Christian Diener spielt einen wohltemperierten Bass, eher unauffällig, aber gerade deshalb so wichtig, weil verlässlich grundierend. Walter Lang war an diesem Abend ein großartiger pianistischer Begleiter. Vollkommen uneigennützig hat er sich in die Band eingebracht und mit seinensehr verhaltenen pianistischen Motiven doch musikalische Ausrufezeichen gesetzt. Statt virtuosem Tastenzauber ein eher klangmalerischer Äsket und nicht zuletzt aus diesem Grund ein genialer Partner für Dusko Goykovich. Der wiederum adelte Walter Lang an diesem Abend mit dem Prädikat: „Einer der besten Pianisten, die ich kenne.“ Ein gewaltiges Lob an einem insgesamt mitreißenden Konzertabend.
Jörg Konrad
(SZ 12./13.05. 2005)
Jazz auf dem Höhepunkt der Zeit Das Dusko Goykovich Quintett vermeidet jede nostalgische Rückbesinnung Germering. Noch bevor der erste Ton auf der Bühne des Amadeussaales der Germeringer Stadthalle am Freitagabend überhaupt gespielt wurde, konnten die Veranstalter ein positives Echo ziehen. Denn die anfänglichen Zweifel, ob der Jazz nach einer langen Zeit der Abstienenz im Germeringer Kulturtempel vom Publikum gleich als Abo-Reihe angenommen werden würde, zeigten sich als völlig unbegründet. Das Interesse war schon vor Monaten riesig und die Karten im Handumdrehen vergriffen. Ja, es hätten ohne große Schwierigkeiten noch ein paar Dutzend mehr verkauft werden können. So waren zum ersten Konzert der Reihe „Jazz It“ sämtliche zweihundert Plätze im Amadeussaal besetzt und das Dusko Goykovich Quintett konnte vor „vollem Haus“ auftreten.

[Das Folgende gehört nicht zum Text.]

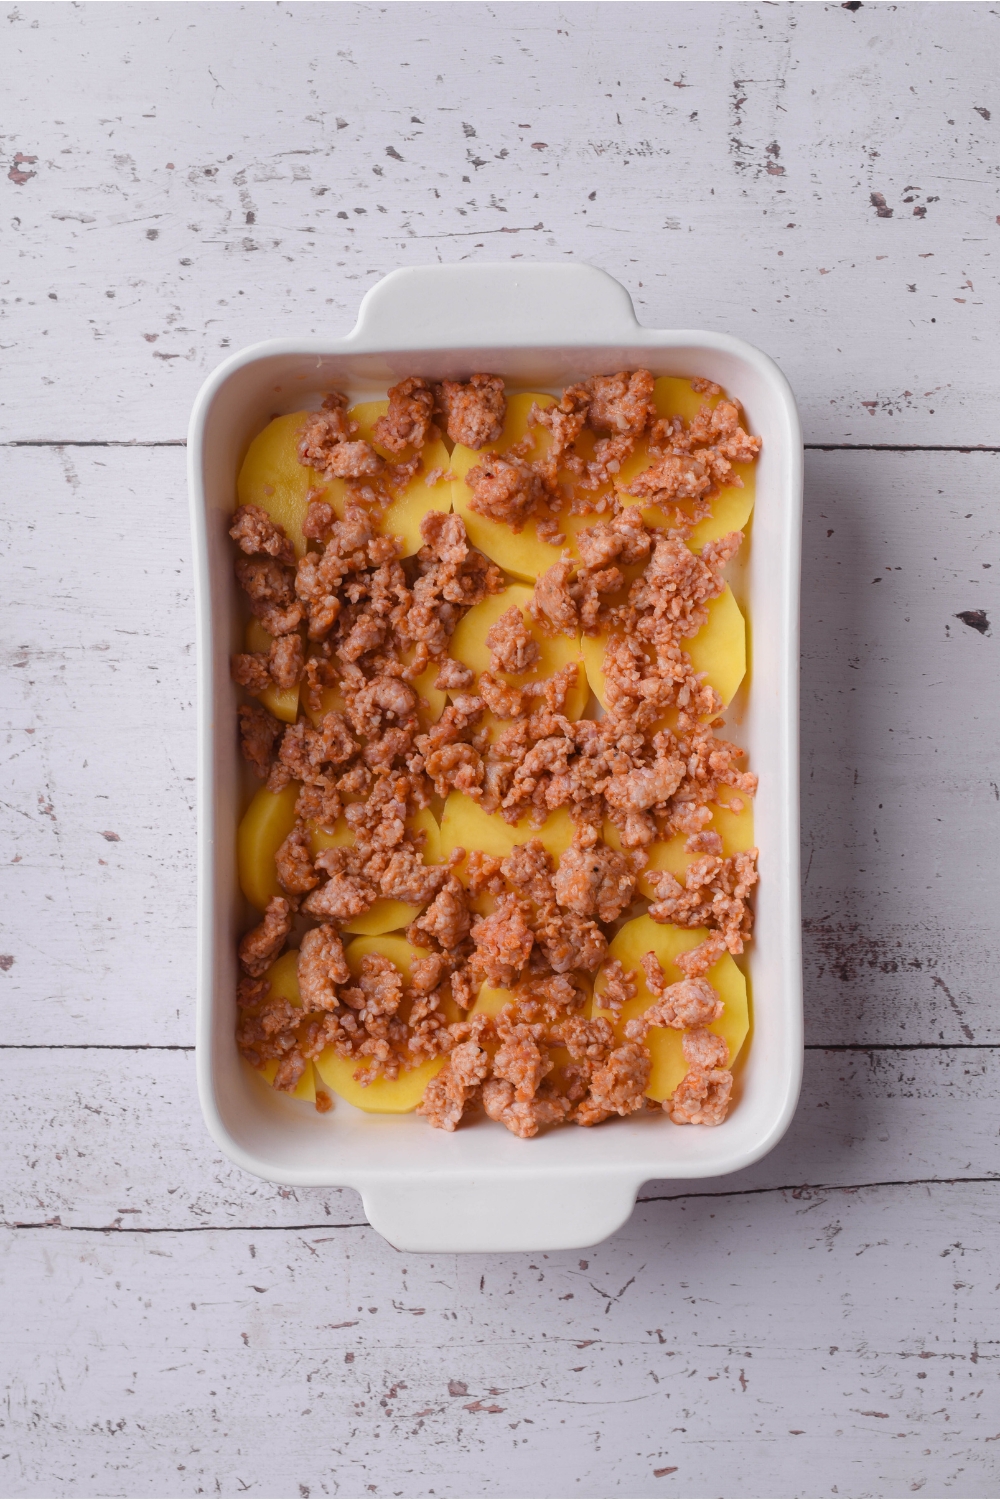 A baking dish filled with a layer of potato slices and cooked sausage on top of the potatoes.

Der Trompeter fühlte sich mit seiner Band in dieser von gespannter Aufmerksamkeit gekennzeichneten Atmosphäre dann auch hörbar wohl. Andererseits ist Goykovich ein erfahrener und mit sämtlichen Wassern der Musikbranche gewaschener Instrumentalist, der im Laufe seiner über fünf Jahrzehnte andauernden Karriere gelernt hat, alle möglichen und unmöglichen konzertante Begleiterscheinungen zu meistern.

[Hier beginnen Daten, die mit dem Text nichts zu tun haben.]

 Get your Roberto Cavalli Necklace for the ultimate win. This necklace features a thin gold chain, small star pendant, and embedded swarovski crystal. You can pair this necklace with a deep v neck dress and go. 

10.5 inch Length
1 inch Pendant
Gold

In Germering brachte der in Bosnien geborene Musiker verschiedene Instrumentalisten-Generationen zusammen. So den mit einem relaxt abgehangenen Sound agierenden Jürgen Seefelder am Saxophon, den wunderbar originellen wie virtuosen Pianisten Claus Raible, den Grandseigneur unter den Münchner Bassisten Branko Pejakoviv und am Schlagzeug den jungen und mittlerweile und allen Bereichen erfahrenen Guido May. Das Repertoire setzte sich aus Standard-Melodien von George Gershwin, Dizzy Gillespie und Billy Strayhorn sowie Kompositionen von Goykovich zusammen, die ein breites stilistisches Spektrum abdeckten, wie die Miles Davis gewidmete Ballade „Five o`clock In The Morning“, das ungestüme „Remember Dizzy“ oder die Latin Komposition „Inga“.

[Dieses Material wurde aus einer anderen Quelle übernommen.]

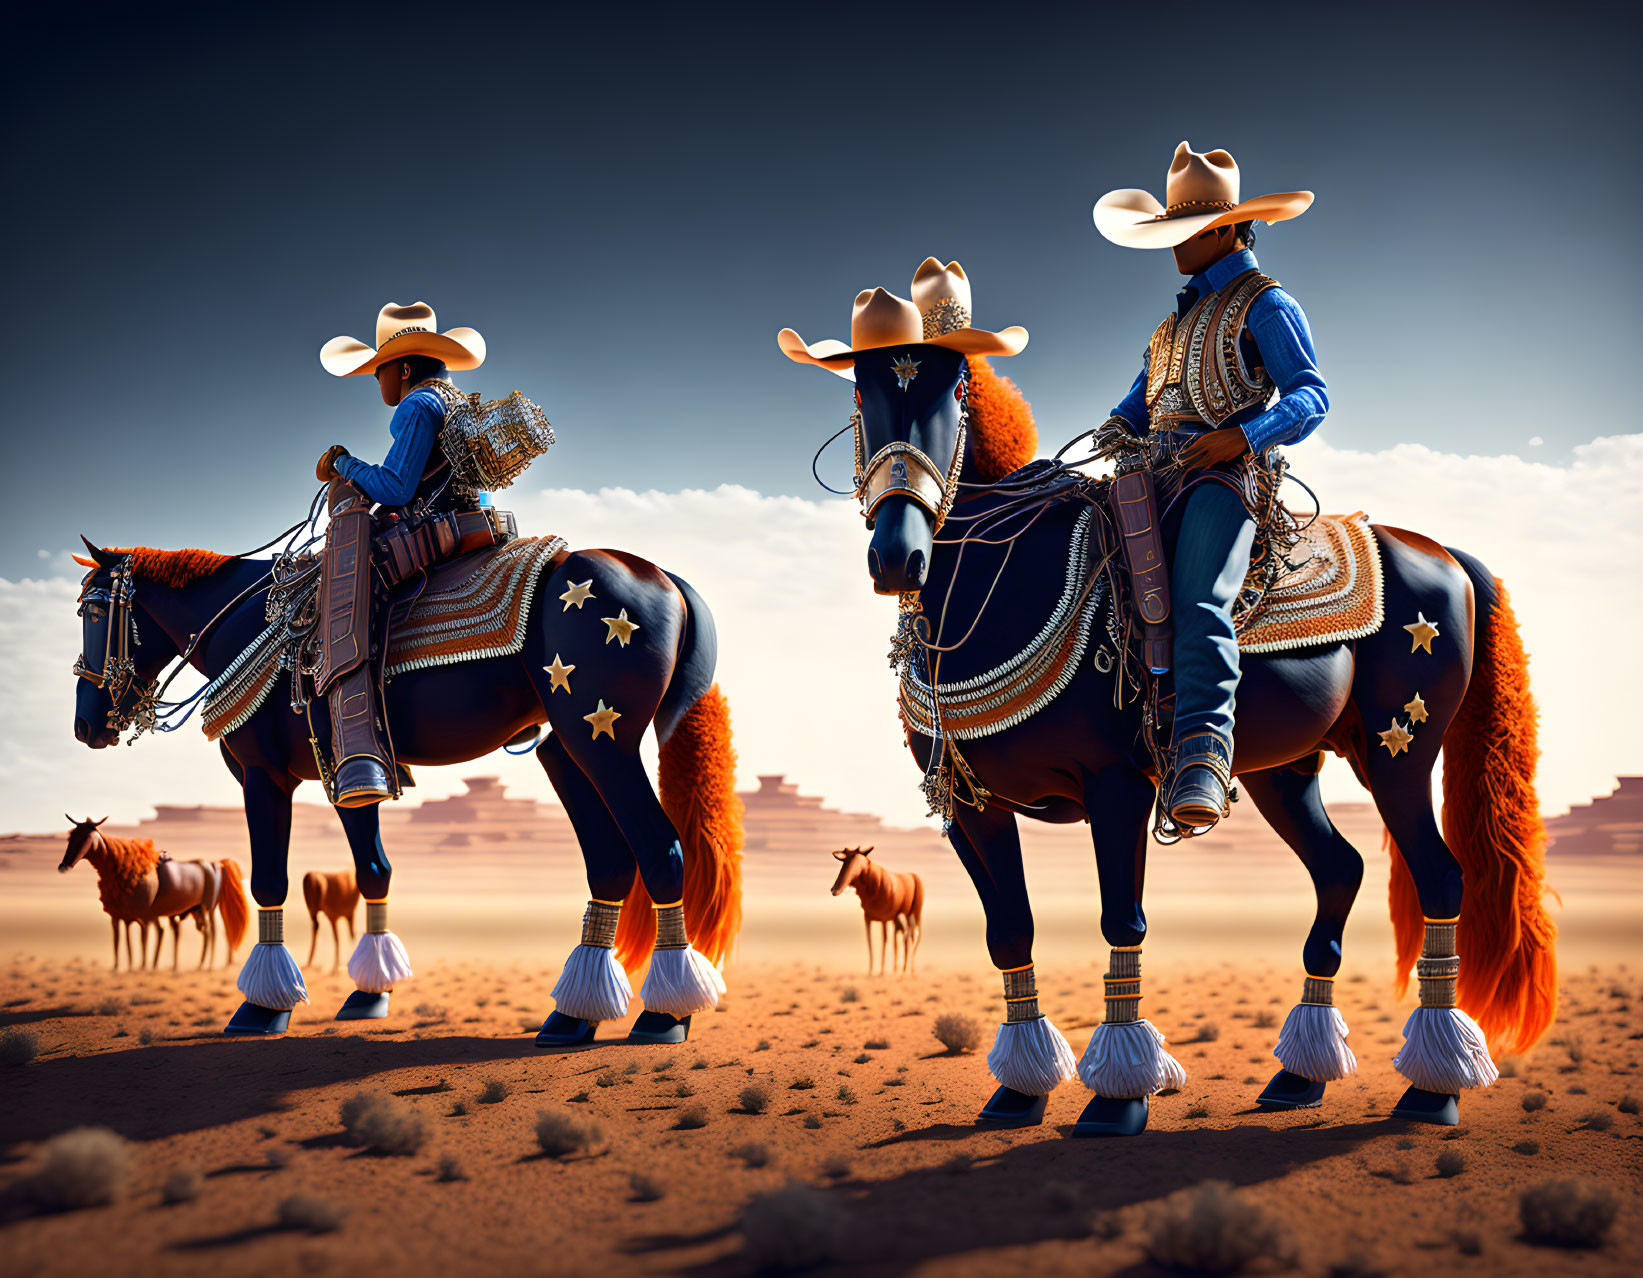 Two cowboys in ornate outfits and wide-brimmed hats on decorated horses in a desert landscape

Die Band agierte in einer Geschlossenheit und Frische, wie sie für eine flüssige, Bop-orientierte Spielweise auch zwingend notwendig ist. Die Dynamik des Satzspiels, der rhythmisch stabile wie geschmeidig federnde Unterbau, die von Ausdrucksstärke und packender Dramaturgie gekennzeichneten Improvisationen – das Quintett ließ mit seiner Spielauffassung und interpretatorischen Umsetzung nicht den leisesten Verdacht einer nostalgischen Rückbesinnung aufkommen. Dusko Goykovich zeigte sich wieder einmal als der große Melodiker des Jazz. Sein Ansatz und seine Formulierungen an der Trompete sind ebenso elegant, wie sein verhangener, weicher Ton am Flügelhorn. Diesem Instrumentalisten hört man sein Alter nicht an. Oder anders ausgedrückt: Der Jazz hat Dusko jung erhalten.